Data excerpt below:
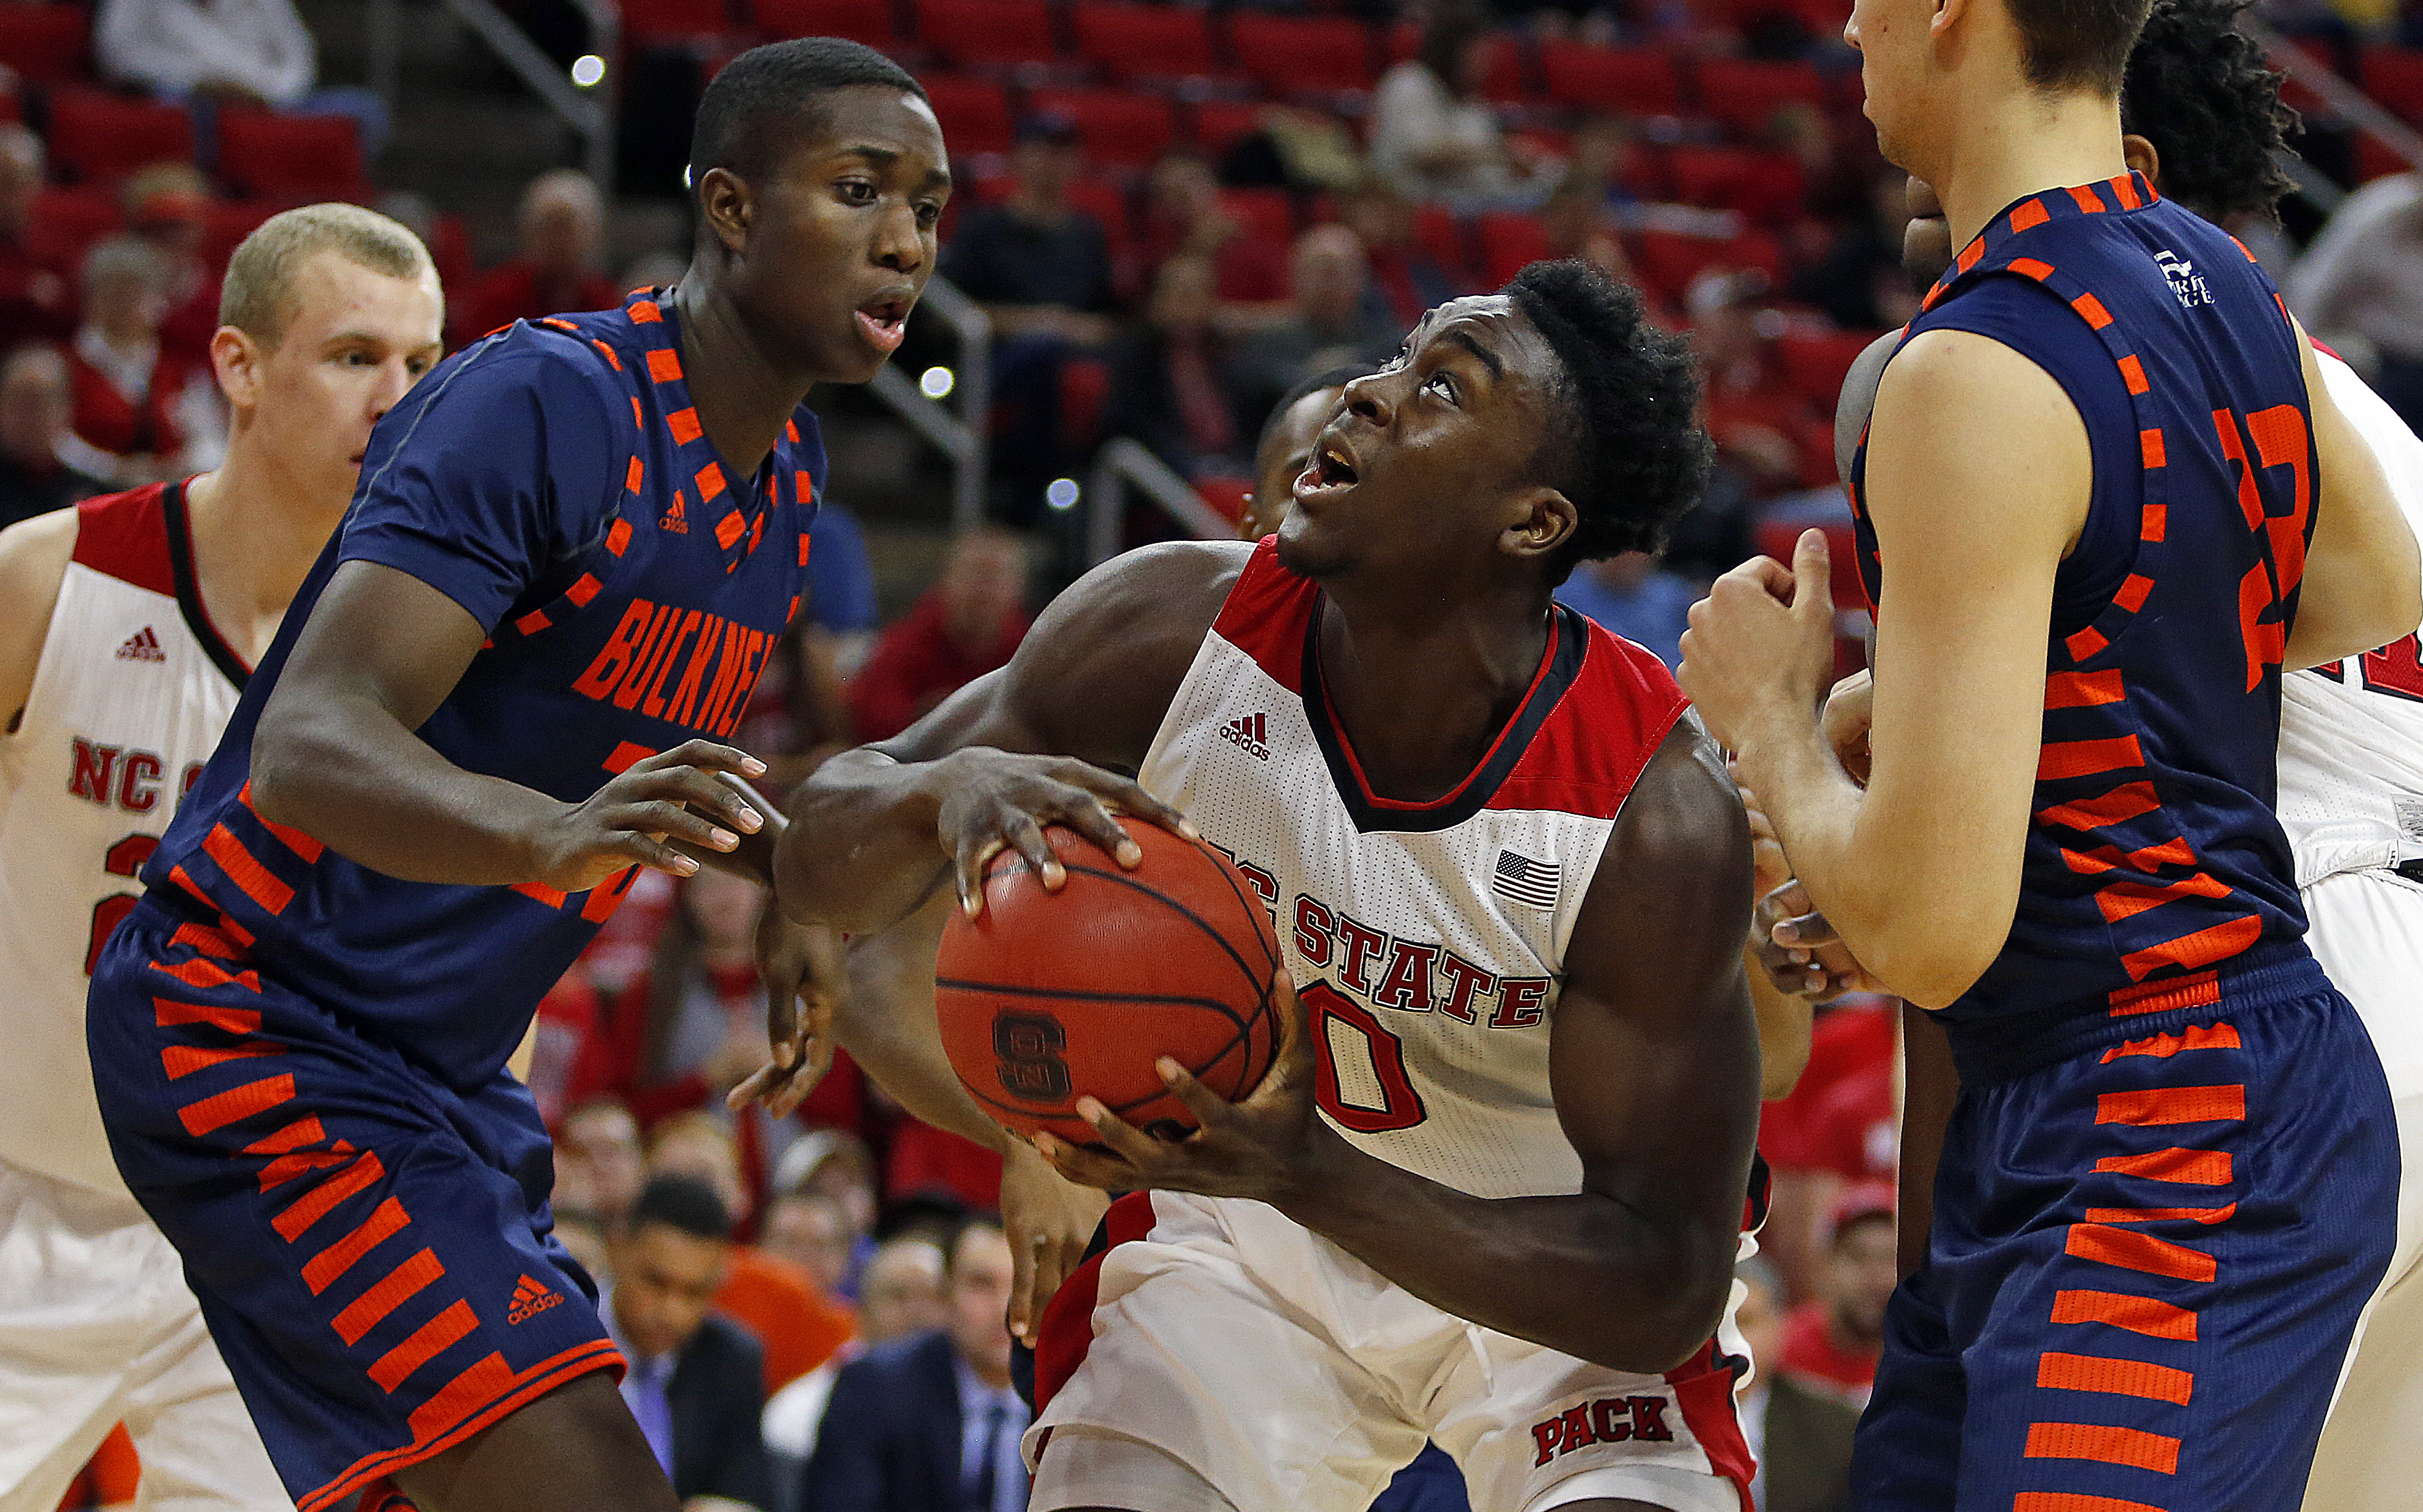 North Carolina State's Abdul-Malik Abu (0) battles between Bucknell's Nana Foulland (20) and Zach Thomas (23) during the first half of an NCAA college basketball game in Raleigh, N.C., Saturday, Dec. 5, 2015. (AP Photo/Karl B DeBlaker)
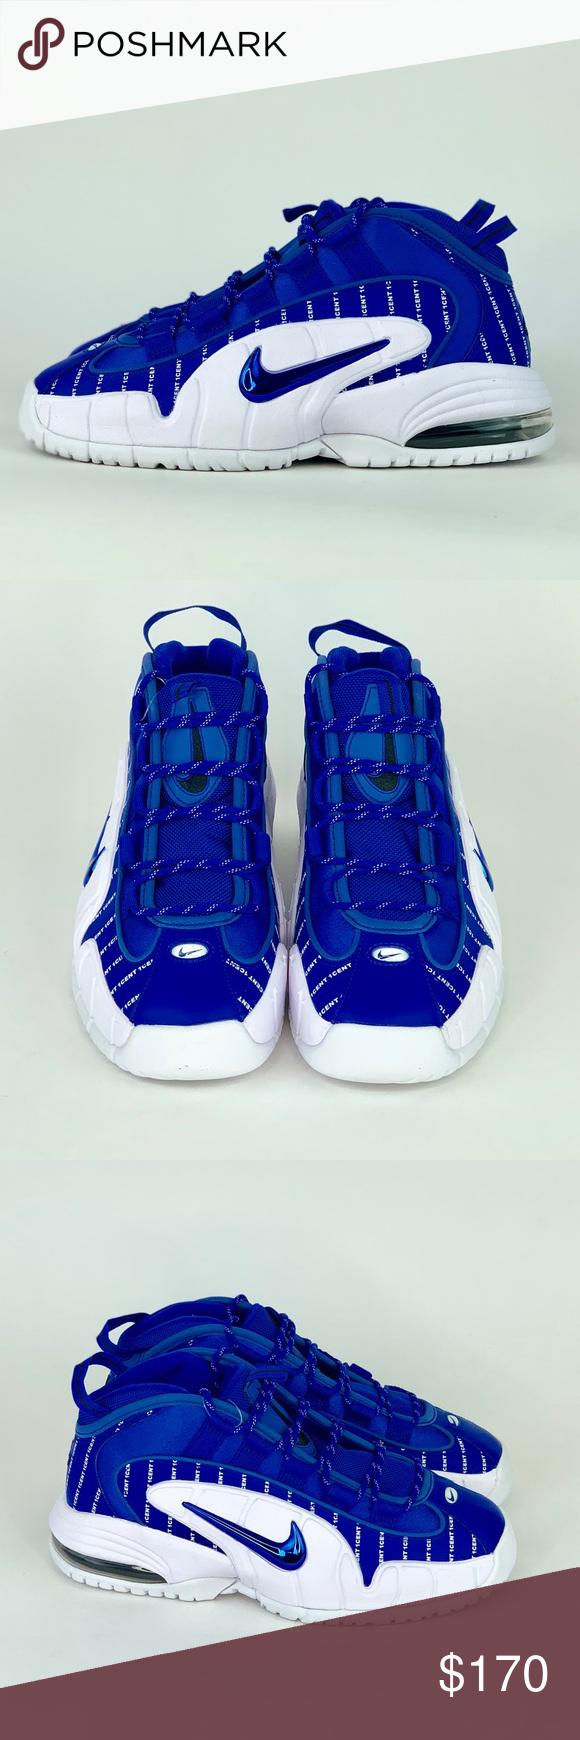 Nike Air Max Penny 1 'Pinstripe' Sz 7 Brand New Nike Air Max
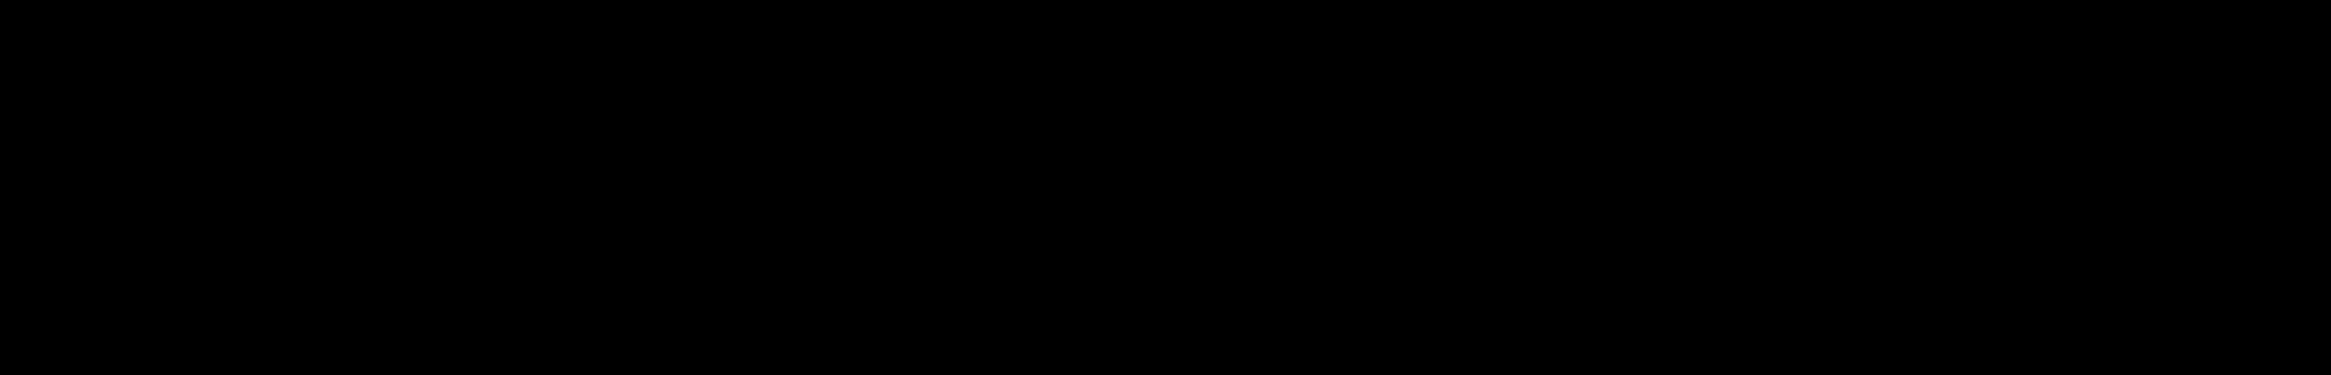 Dolby B Noise Reduction Logo Png Transparent - Dolby Digital Logo
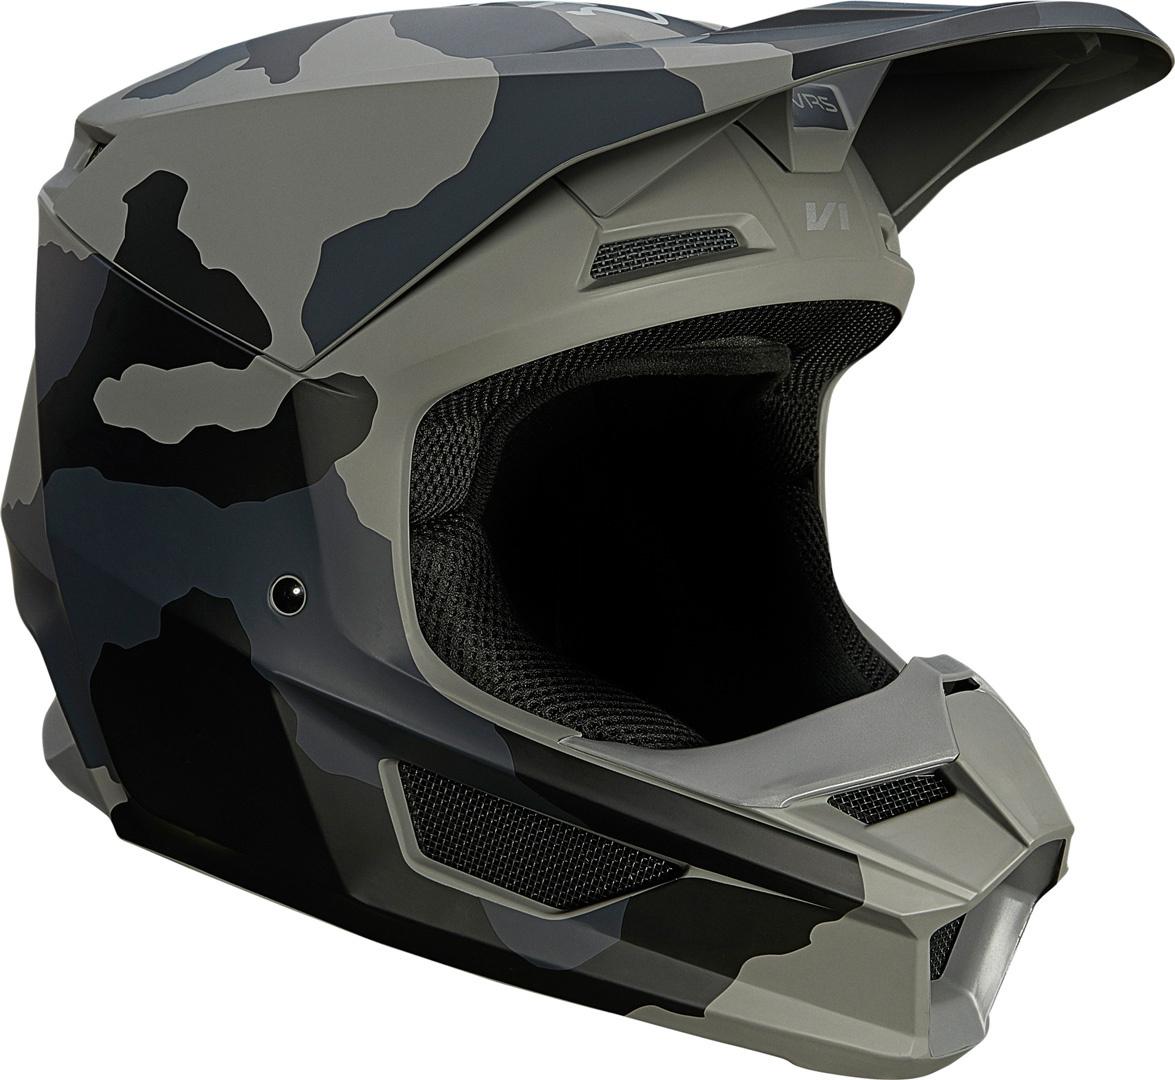 FOX V1 Trev Jugend Motocross Helm, schwarz, Größe M, schwarz, Größe M
End of Data excerpt.
Return the lines of the data above in full and exactly, with no pictures.

__Reply__
 North Carolina State's Abdul-Malik Abu (0) battles between Bucknell's Nana Foulland (20) and Zach Thomas (23) during the first half of an NCAA college basketball game in Raleigh, N.C., Saturday, Dec. 5, 2015. (AP Photo/Karl B DeBlaker)
 Nike Air Max Penny 1 'Pinstripe' Sz 7 Brand New Nike Air Max
 Dolby B Noise Reduction Logo Png Transparent - Dolby Digital Logo
 FOX V1 Trev Jugend Motocross Helm, schwarz, Größe M, schwarz, Größe M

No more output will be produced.